A powerful and complex neurotransmitter, a real energy booster and kickstarter, dopamine is a simple molecule that enables remarkable achievements. Too much or too little creates addiction or impatience, but in balance, it can make success happen.

Elite sportspeople understand this and use it to their advantage. Time and results are pressures they overcome by reinventing themselves constantly. This requires access to analytical, intuitive, creative, adaptive and positive energy resources created by the production of dopamine and connected molecules. Simply put, these naturally-present molecules ease the shift between the default mental mode  – the comfort zone – and the adaptive mental mode – the growth and change zone. In an increasingly competitive, faster and more demanding  environment, this shift allows sportspeople to condition themselves for success, each in their own way, before they even start to compete.

Currently “slow thinking” is paradoxically highly regarded in this context. The sportsperson takes a calm moment to stop the clock and breathe consciously. This breathing creates the space to shape a “master project” for success, face up to fears and transform them into tools, visualise new solutions, develop a “small steps” strategy and infuse the body with dopamine from the projected success. At that point, they’re ready.
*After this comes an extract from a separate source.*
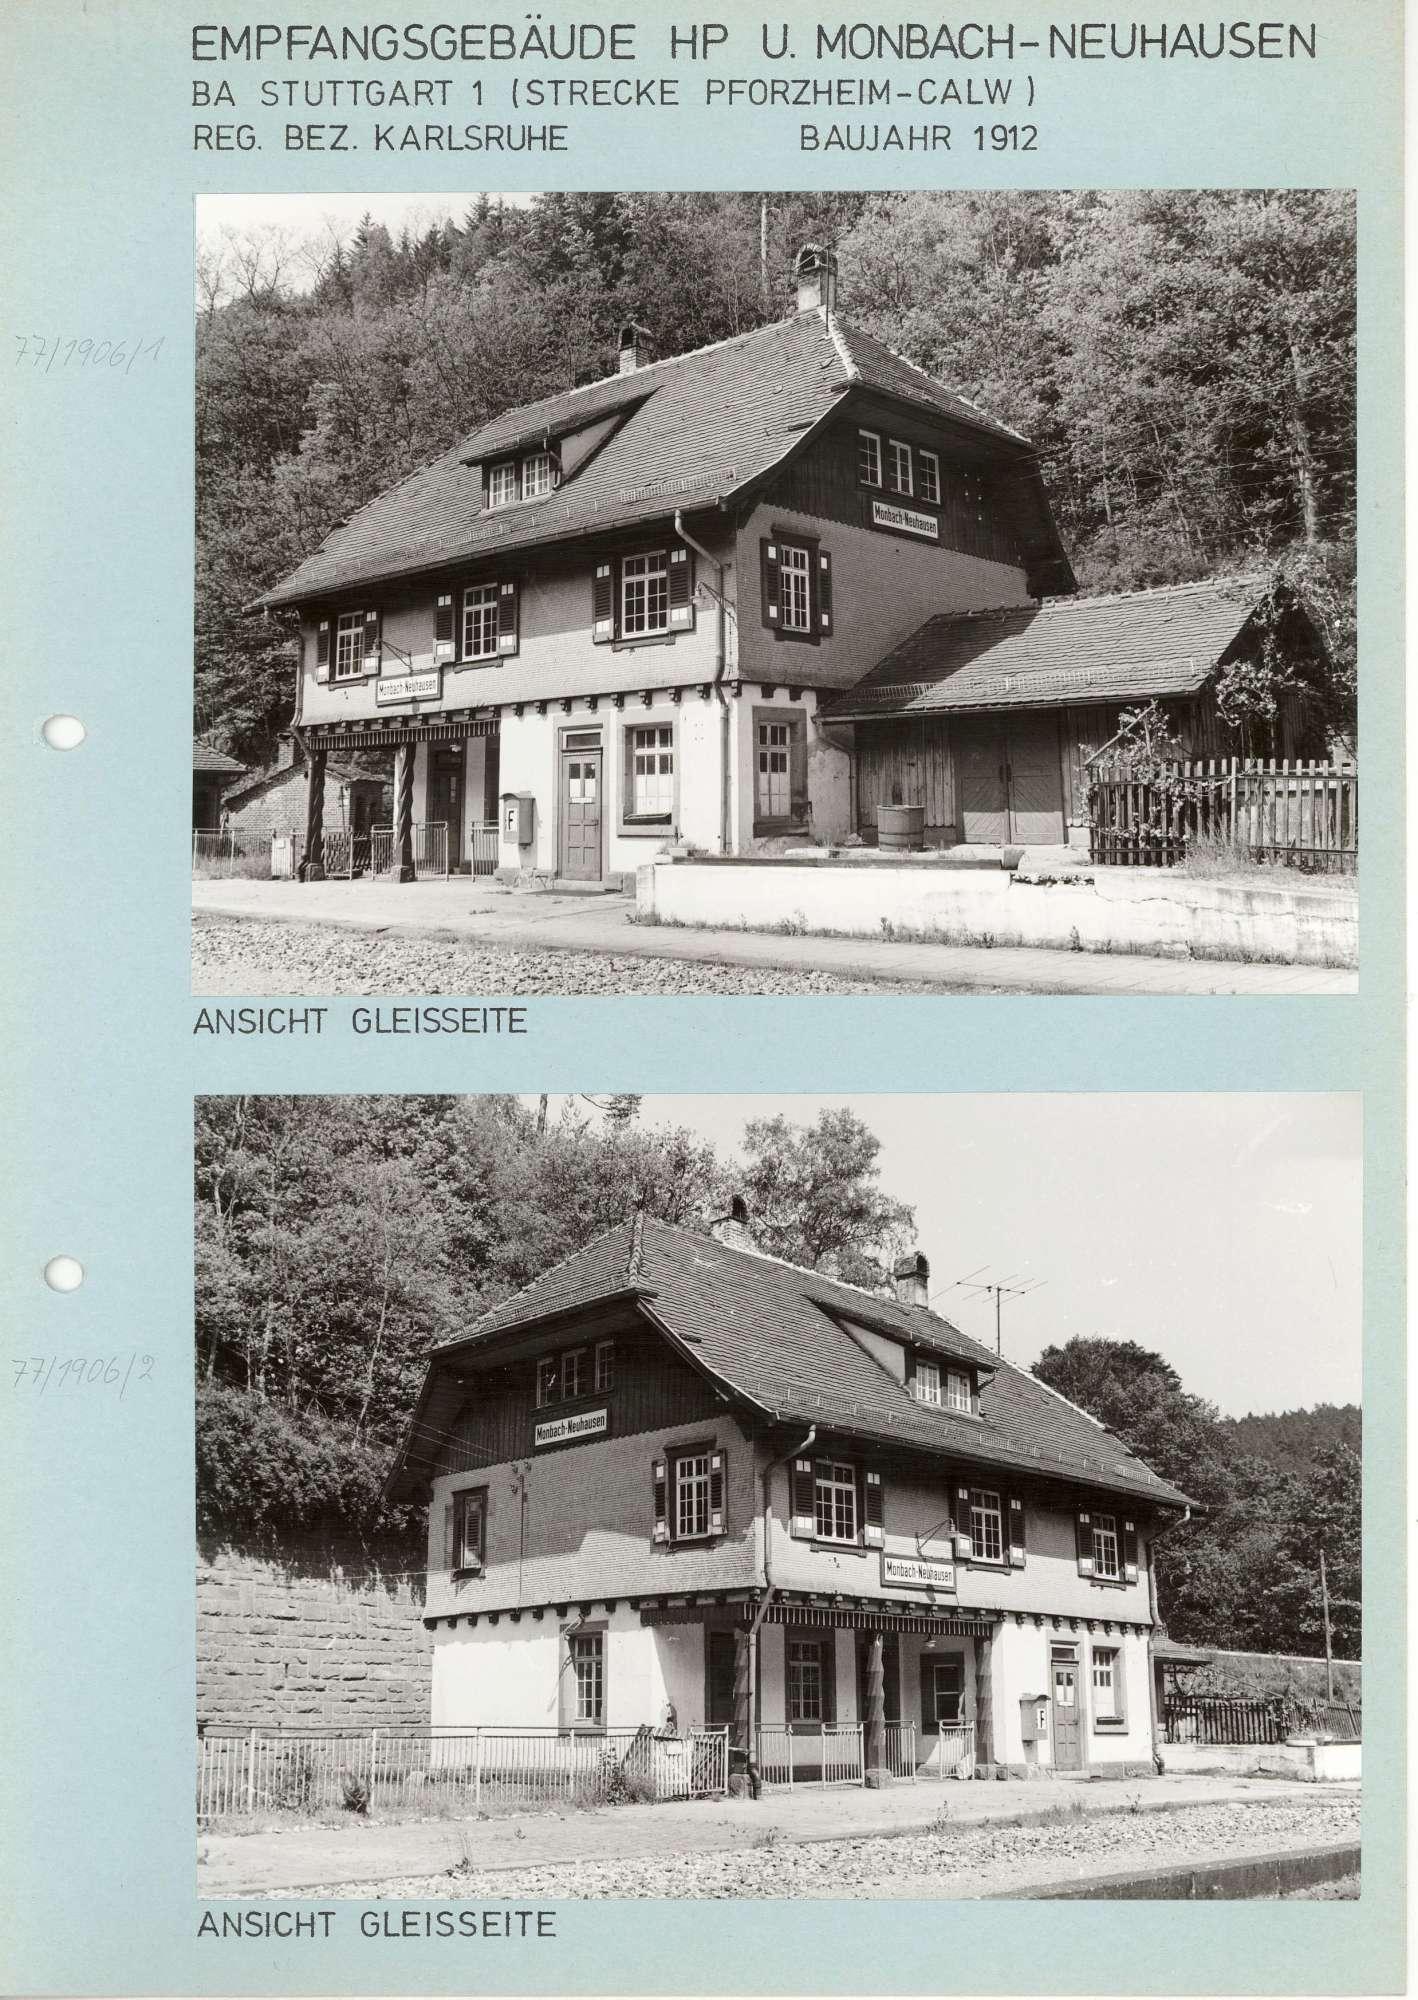 Monbach-Neuhausen: 2 Fotos, Bild 1

Industry 4.0 demands speed and agility from businesses. It requires each business, each team and each person to be ready to reinvent business processes while maintaining everyday production. It might be a long-term process with sprints, aiming to create tomorrow’s business model, be it integrated, connected, smart, de-siloed or interfaced. In the context of this wide-reaching revolution, neuroscience and cognitive sciences can play a role, making their own smaller revolution happen by showing that reducing the pace can increase speed, and that fears can be transformed into tools.

Whether SME or multinational, local or global, all companies face the challenge of reinvention, with the associated risks and fears. In “Even Eagles Need a Push”, David McNally sums up this complexity in the insightful question “why does the pleasure of flying have to start with the fear of falling?”. New advances in neuroscience, learning from professional sport and the experiences of pioneering companies, have built a kit of dopamine-boosting tools that lay the foundations for individual and collective success. The challenge is to democratise them, allowing each business to make the necessary shift, the smart change that takes the time needed to prepare and condition itself to succeed.